Это вполне безобидно — но опасно соседство лицейских посланий и декабристских проектов… Опасны также и мысли, которые родятся там, наверху: "Не Пущин ли Пушкин?"
Через два дня после того, как портфель ускользнет от ареста, за Пущиным приходят жандармы. 17 декабря допрашивает царь, затем еще полгода крепости, следствия, очных ставок… Затем:
"Коллежский асессор Иван Иванович Пущин по приговору верховного уголовного суда приговорен к смертной казни. По высочайшей конфирмации осужден к лишению чинов и дворянства и к ссылке в каторжную работу вечно. Высочайшим же указом 22 августа 1826 года повелено оставить его в работе 20 лет, а потом обратить на поселение в Сибири".
Эти строки читают в Михайловском, Петербурге, Москве… Потрясенный Горчаков торопится прочь из России — к своему посольству в Лондоне. Но нет покоя: вчера он пытался переправить за границу Пущина, а сегодня ему приказано свыше добиться возвращения на родину эмигранта-декабриста Николая Тургенева, заочно приговоренного к смерти. Горчаков на службе: едет в Эдинбург уговаривать самого Тургенева, выясняет у английских властей возможность выдачи государственного преступника.
Ничего из этого не вышло, хотя в Россию приполз слух, будто Тургенева схватили и везут.
Пушкина же вдруг выпускают из ссылки, он возвращается в Москву, снова едет, уже вольный, в свое Михайловское, близ Пскова, опрокидывается, ушибается, лежит в номере, вспоминает:
Скажи, куда девались годы,
Дни упований и свободы,
Скажи, что наши, что друзья?
Где ж эти липовые своды?
Где Горчаков, где ты, где я?
Судьба, судьба рукой железной
Разбила мирный наш Лицей…
Черновые строки стихотворения, обращенного к Пущину, — "Мой первый друг, мой друг бесценный"… Стихотворение было закончено в псковской гостинице, ровно через год (без одного дня) после восстания — 13 декабря 1826 года.

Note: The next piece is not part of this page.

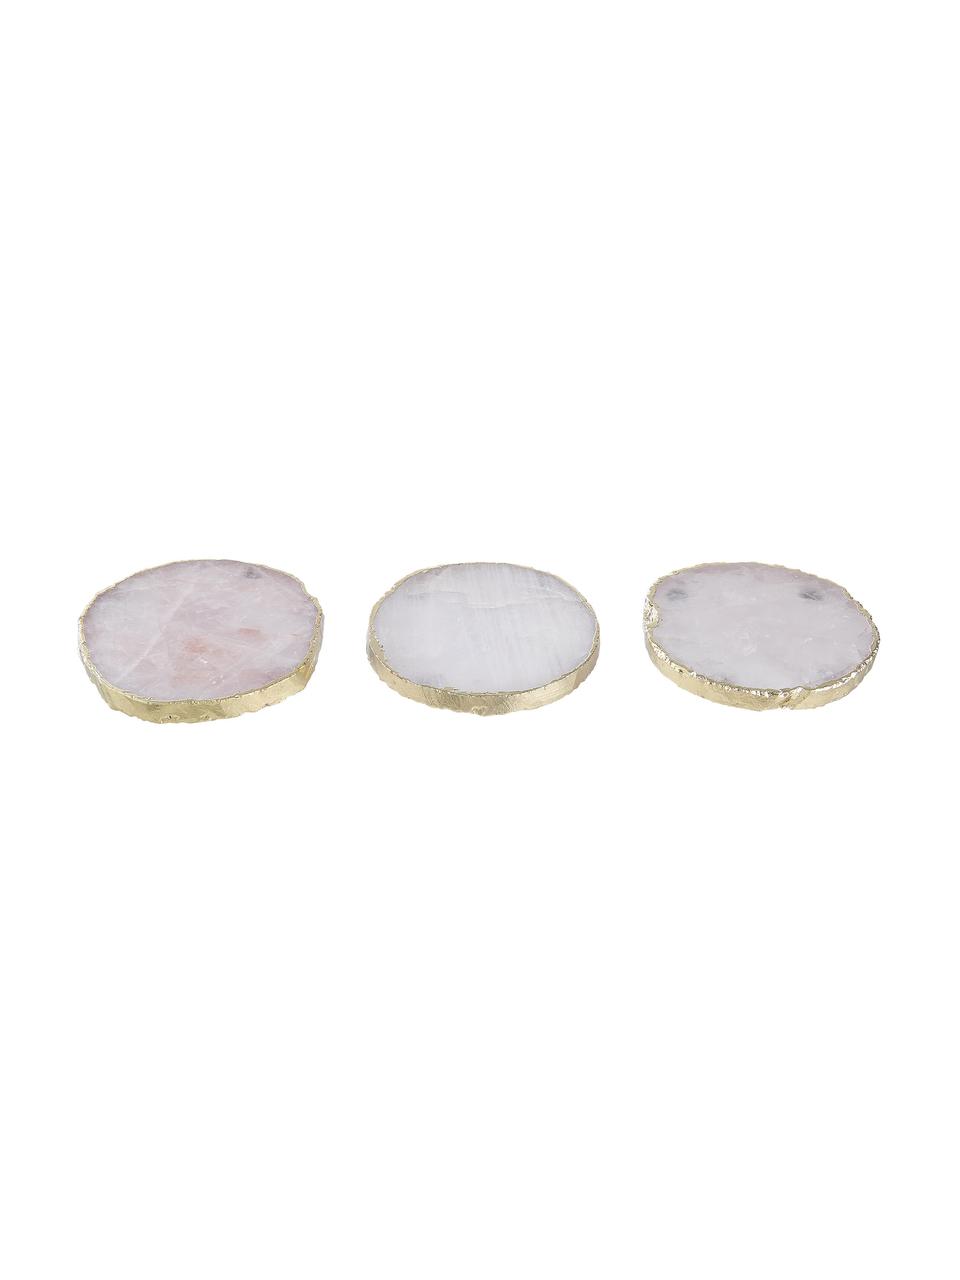 Podstawka z kamienia szlachetnego Crystal, 4 szt., Kwarc różowy, Bladoróżowy kwarc, odcienie złotego, Ø 11 cm

Прекрасные строки о "наших" и "друзьях", может быть, оттого исчезли, что в стихах, называющих государственного преступника первого разряда "мой первый друг, мой друг бесценный", не следует называть еще чьи-либо имена?
В тот день Пущин был недалеко, всего триста с небольшим верст, — в Шлиссельбургской крепости, откуда его повезут на восток, за семь тысяч верст, только следующей осенью.
"В самый день моего приезда в Читу, — вспомнит он, — призывает меня к частоколу Александра Григорьевна Муравьева (жена Никиты Муравьева-"Вьеварума") и отдает листок бумаги, на котором неизвестною рукой написано было:
Мой первый друг, мой друг бесценный!
И я судьбу благословил,
Когда мой двор уединенный,
Печальным снегом занесенный,
Твой колокольчик огласил.
Молю святое провиденье:
Да голос мой душе твоей
Дарует то же утешенье,
Да озарит он заточенье
Лучом лицейских ясных дней!
Отрадно отозвался во мне голос Пушкина! Преисполненный глубокой, живительной благодарности, я не мог обнять его, как он меня обнимал, когда я первый посетил его в изгнанье. Увы! я не мог даже пожать руку той женщине, которая так радостно спешила утешить меня воспоминанием друга; но она поняла мое чувство без всякого внешнего проявления, нужного, может быть, другим людям и при других обстоятельствах; а Пушкину, верно, тогда не раз икнулось".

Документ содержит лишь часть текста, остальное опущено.